Coming to Illinois

Leaving Virginia

Coles felt uncertain about his ability to support himself as an Illinois farmer. He asked the new president, James Monroe, for an appointment as Register of Lands in Edwardsville and received the position in March 1819. Around the same time, Coles met with the people of his estate and told them about his plans to leave Virginia for Illinois. Although he didn’t say it, they knew the move would mean their freedom.

Two women decided to remain behind. They wanted to stay close to enslaved family members working for Coles’ mother. Coles arranged for them to live with his mother at his expense. The rest of the group — at least sixteen people,1 including a woman named Sukey and her children — elected to go with Coles to Illinois.

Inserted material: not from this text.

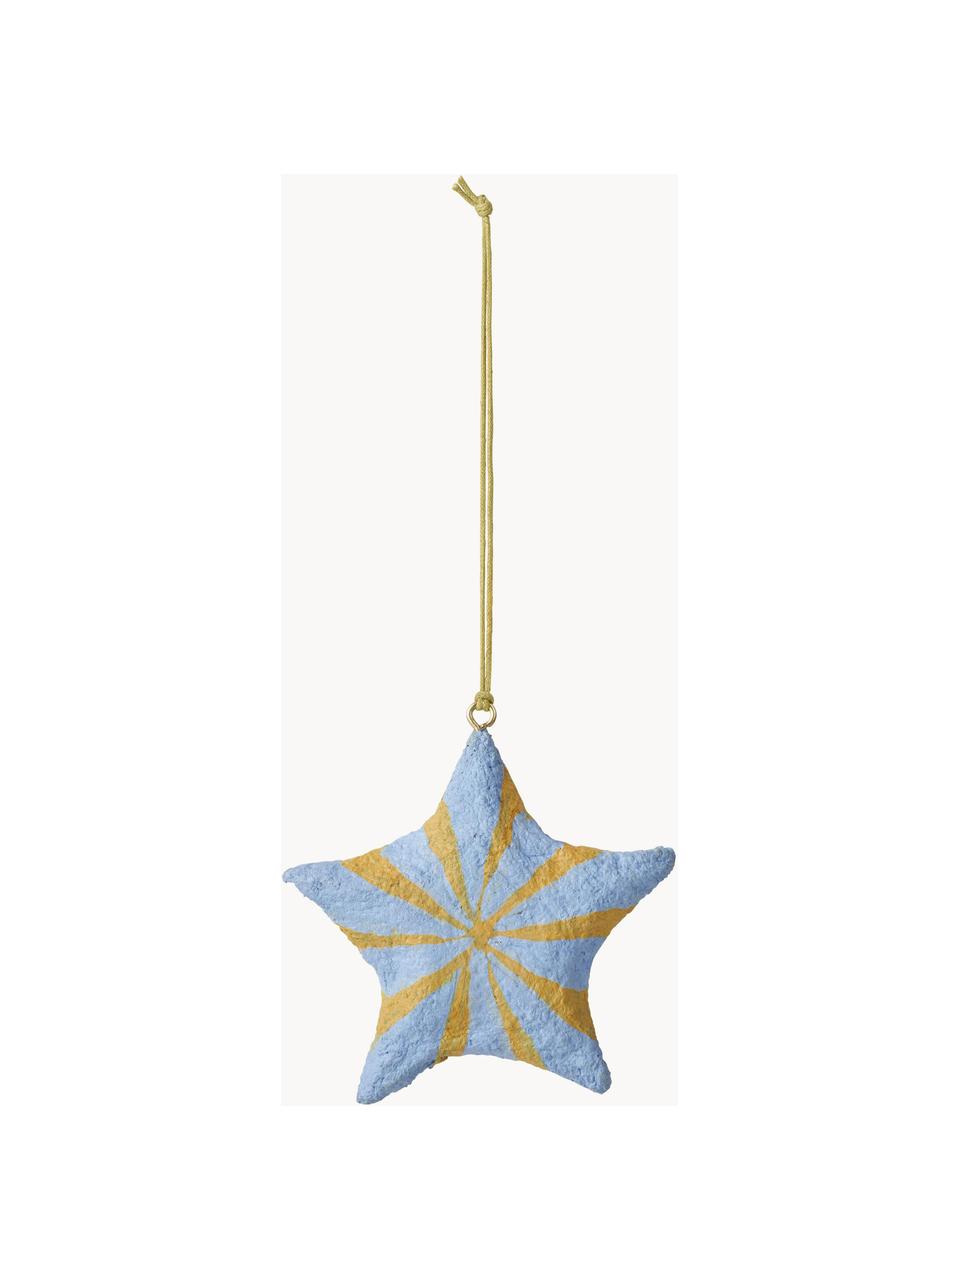 Ozdoby na vánoční stromeček ve tvaru hvězdy Bomuld, 4 ks, Bavlněná buničina, Modrá, žlutá, Ø 9 cm, V 9 cm

Coles also secured Sukey’s husband Manuel from a neighboring plantation so that he could come along to Illinois with the rest of his family.

They began the journey on April 1, 1819. Led by Ralph Crawford, everyone but Coles traveled by wagon over the Alleghany Mountains to Brownsville, Pennsylvania; Coles followed on horseback. From there, the group traveled by river in two flatboats.2

Map of route to Illinois

Route taken by Edward Coles and his enslaved companions in April 1819 from Rockfish Plantation, Virginia, to Edwardsville, Illinois. Created by Madison County Historical Museum and Archival Library staff.

Ceremony on the Ohio River

On the Ohio River the morning after leaving Pittsburgh, Coles had the boats lashed together. He called the enslaved people on deck and told them of his plans to manumit them. As Coles describes the scene, the group reacted with stunned silence. After the news sank in they started giggling and then wept for joy.

The ceremony concluded with Coles presenting the group with a general certificate of freedom listing their names. The document did not include Manuel, Sukey, and their children: the family remained in slavery.3 On July 4th, 1819, Edward Coles submitted the emancipation paperwork at the Madison County Courthouse.

Ten newly free people

This illustration represents the ten people among those manumitted by Edward Coles on the Ohio River who arrived in Illinois with him in May 1819. Actual depictions of the people are not available. Created by Madison County Historical Museum and Archival Library staff.


Footnotes

1Some sources suggest that up to 24 people owned by Coles left Virginia with him for Illinois. Some of them may have parted ways with Coles and the rest of the group at Louisville, Kentucky. Unfortunately we have no details about any people manumitted by Coles except those who accompanied him all the way to Illinois.

2Coles described the final overland portion of the journey in a letter to his friend and former president James Madison: “Owing to the very wet spring, a great portion of this flat Country was under water, and most of the little streams were overflowing their banks, and could only be crossed by swiming [sic] or ferrying. This rendered this part of the journey very disagreeable, even to me who was on horseback, but to those in the waggon [sic] or on foot it was inconceivably bad.”

3Sukey and her husband Manuel (we don’t know their surname) had five children and a baby on the way. As enslaved people in Coles’ estate, Sukey and the children had the option to accompany him to Illinois. But in 1819, Manuel remained bound in slavery to Coles’ neighbor for another six years. Coles purchased Manuel’s remaining indenture so the family could come to Illinois together. Rather than emancipate Manuel along with the others, Coles pledged to manumit Manuel after he reimbursed Coles’ purchase of his time. Manuel’s indenture made him unable to provide for his family, so he and Sukey asked Coles to retain her and the children as his slaves in the meantime as the only way to ensure their basic needs would be met.